When committing to fixed costs, I want you to start thinking about them as commitments to the future because every new monthly cost makes a claim on future sales.
When business is strong, it's easy to add staff, software, premises, vehicles, equipment and contracts.
The problem is not the cost this month. It's the obligation for the next month and the month after.
So ask yourself: is the need permanent? Could you test demand before committing? Can the cost flex with revenue if trade slows down? And what if sales drop 20%?
Every fixed commitment must be serviceable in that downside scenario, not just during the strong trading months.
How quickly could you exit? Know the notice periods beforehand. Understand what your break clauses and exit terms are before signing any agreements.
A fixed cost is a bet you're making that future revenue is going to continue. So place that bet carefully.
When looking at energy costs, that's not just an overhead because energy affects cash flow through usage, timing and contracts.
It's often treated as a bill to be paid rather than a cost to be actively managed.
Some of the hidden drivers of energy costs are seasonal usage and price changes, fixed versus variable tariffs, contract renewal dates and notice periods, equipment efficiency and operating hours, and estimated versus actual bills.
A business may invest in new equipment to increase production and fail to calculate the additional energy cost of running it.
Or it may extend opening hours without checking whether the extra revenue actually covers the additional staffing, heating and lighting.
Some of the practical actions I want you to take away are: know when your energy contract ends and the notice period. Review the actual usage, not just the invoice totals. Compare usage across months and seasons.
Identify equipment or processes that are driving unusual consumption, and include realistic energy costs in pricing and forecasts.
The way to look at it is: what does one extra hour of trading actually cost your business? If you can only examine energy costs when the bill arrives, that's a crazy way to do it.
Your first instinct may be to start cutting costs, but cost-cutting can actually make the business more expensive. The cheapest option can create the highest total cost.
Founders often reduce spending by choosing the lowest-price supplier, employee, software or contractor. But the true cost frequently extends far beyond the purchase price.
If you look at the hidden cost of cheap, you've got poor quality, delays, rework, customer complaints, management time, missed deadlines and lost sales.
A real example: if a cheaper supplier saves you £2,000 annually but causes stock delays that lose £10,000 of sales, that's a problem.
A cheaper freelancer might require so much supervision that the founder could have done the work themselves more efficiently.
So the question to ask yourself is not, "How much does it cost?" Ask, "What does this decision cause?" That distinction separates genuine cost control from a false economy.
If you're a seasonal business, you're going to need cash before the season.
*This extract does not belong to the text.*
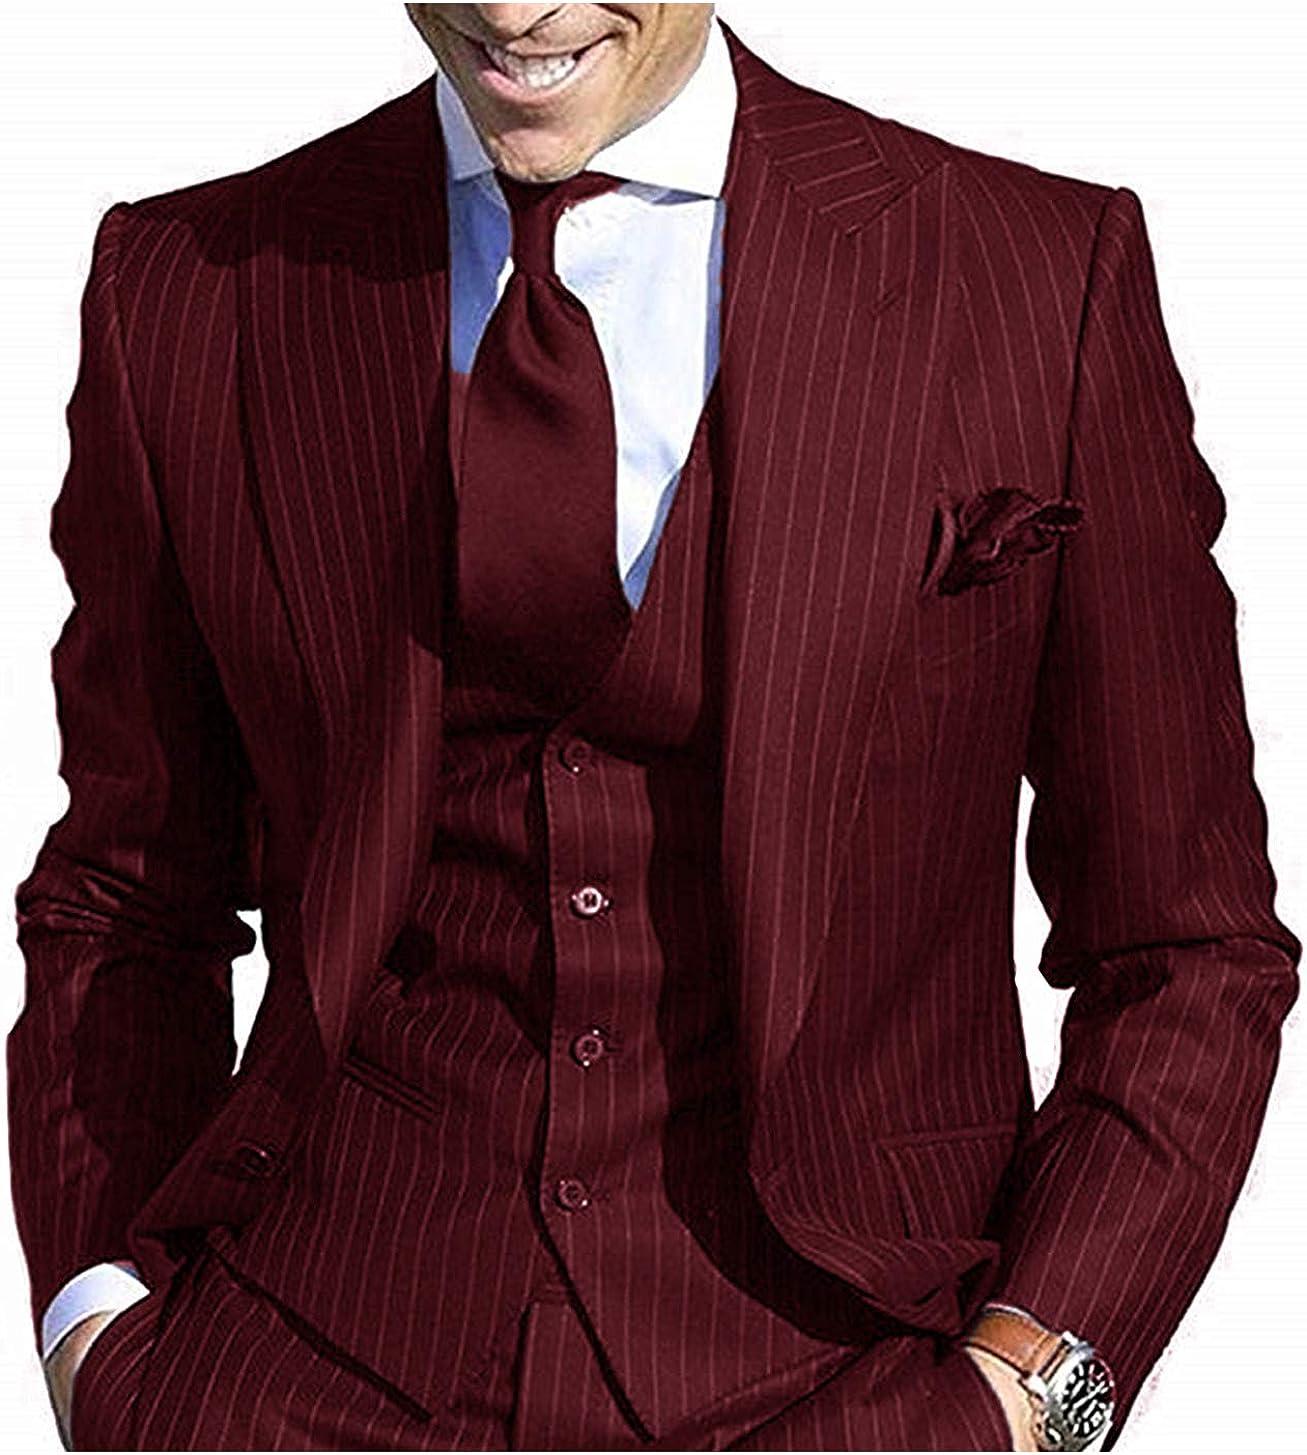 Navy Blue Jackets+Vest+Trousers GBWD Mens Suit Slim Fit Stripe 3 ...
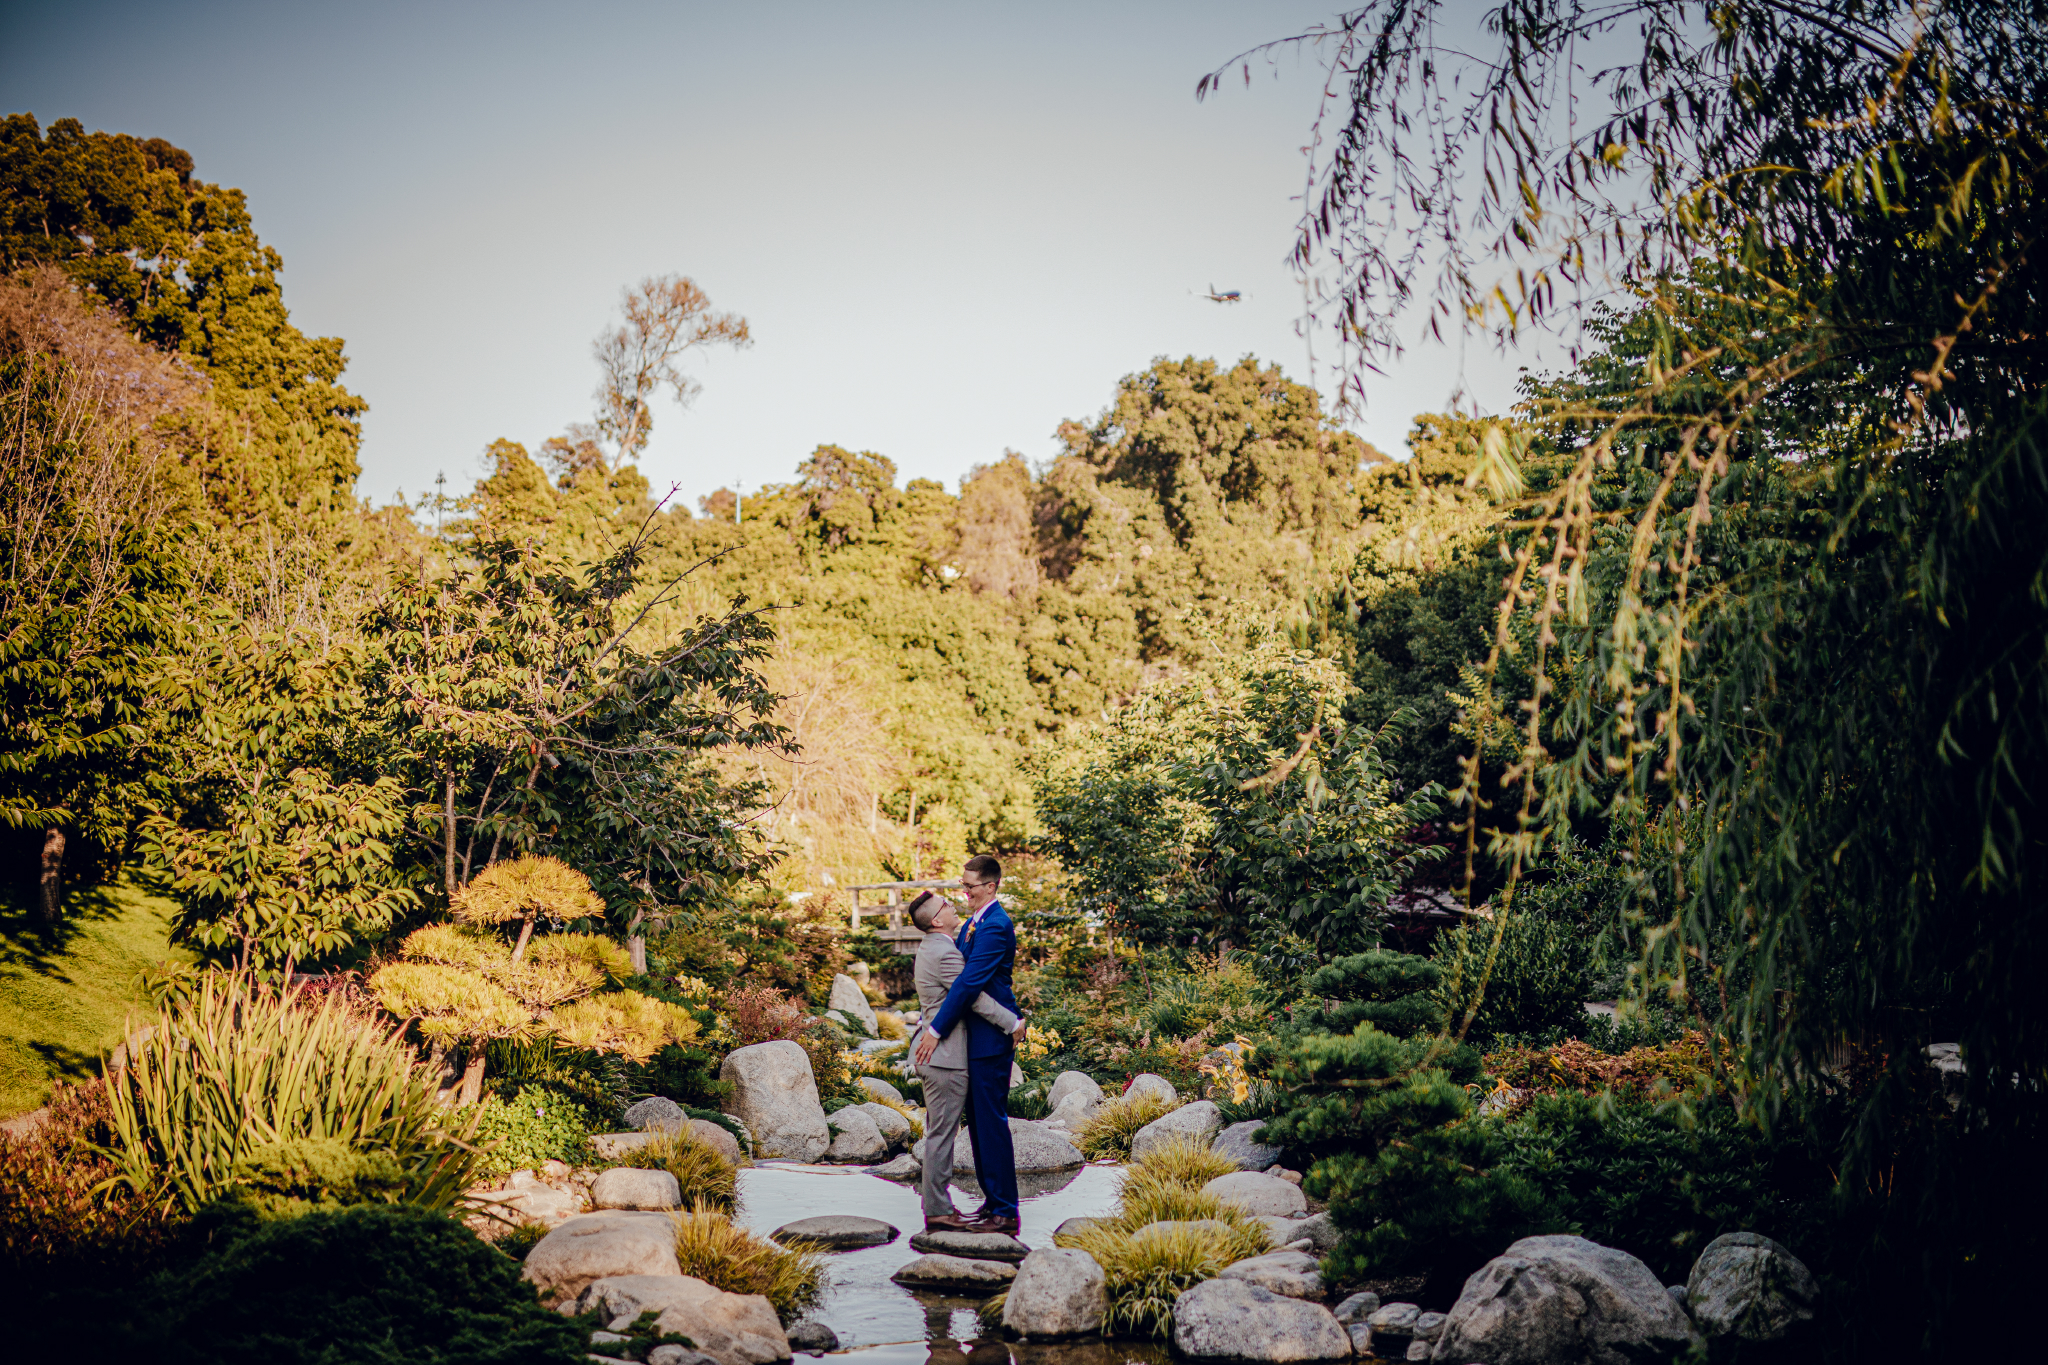 Japanese friendship garden, Balboa park wedding053.JPG

Seasonality doesn't just affect the month in which the sales fall. It affects the months leading up to it. The pressure arrives long before the revenue does.
In the first months ahead, you need to order the stock, hire the staff and book suppliers. Cash goes out before a single sale is made.
Then you've got the preparation period. You train new recruits, receive deliveries and prepare your premises. The monthly fixed costs continue regardless.
When peak season actually hits, the revenue arrives, but only if preparation was adequately funded. If the business couldn't fund preparation, it misses the season entirely.
Then you've got the post-season. You review the cash position afterwards, settle outstanding costs and plan for the next cycle.
So the decision isn't: will we make money during the busy period? The decision is: can we finance the preparation required to reach the busy period?
Often, that preparation begins several months earlier than expected.
I always talk about forecasting because this is one of the questions mentees typically ask. How perfect does my forecast need to be?
I keep saying: you don't need a perfect forecast. You need an early warning system.
And 13 weeks is long enough to expose problems, short enough to forecast realistically and simple enough to update every week.
What sort of things do you need to include?
Your opening bank balance, expected customer receipts, supplier payments and payroll, VAT, tax and loan repayments, rent, energy, utilities, stock purchases and other fixed costs, and then the closing balance for each week.
The four questions to ask are: what is the lowest projected cash balance? When does it happen? What causes it? And what can we do before we reach it?
A forecast isn't there to prove that you know the future. It just gives you enough time to change it.
When looking at some of the lowest cash positions, there are three problems that can look like "we need more cash".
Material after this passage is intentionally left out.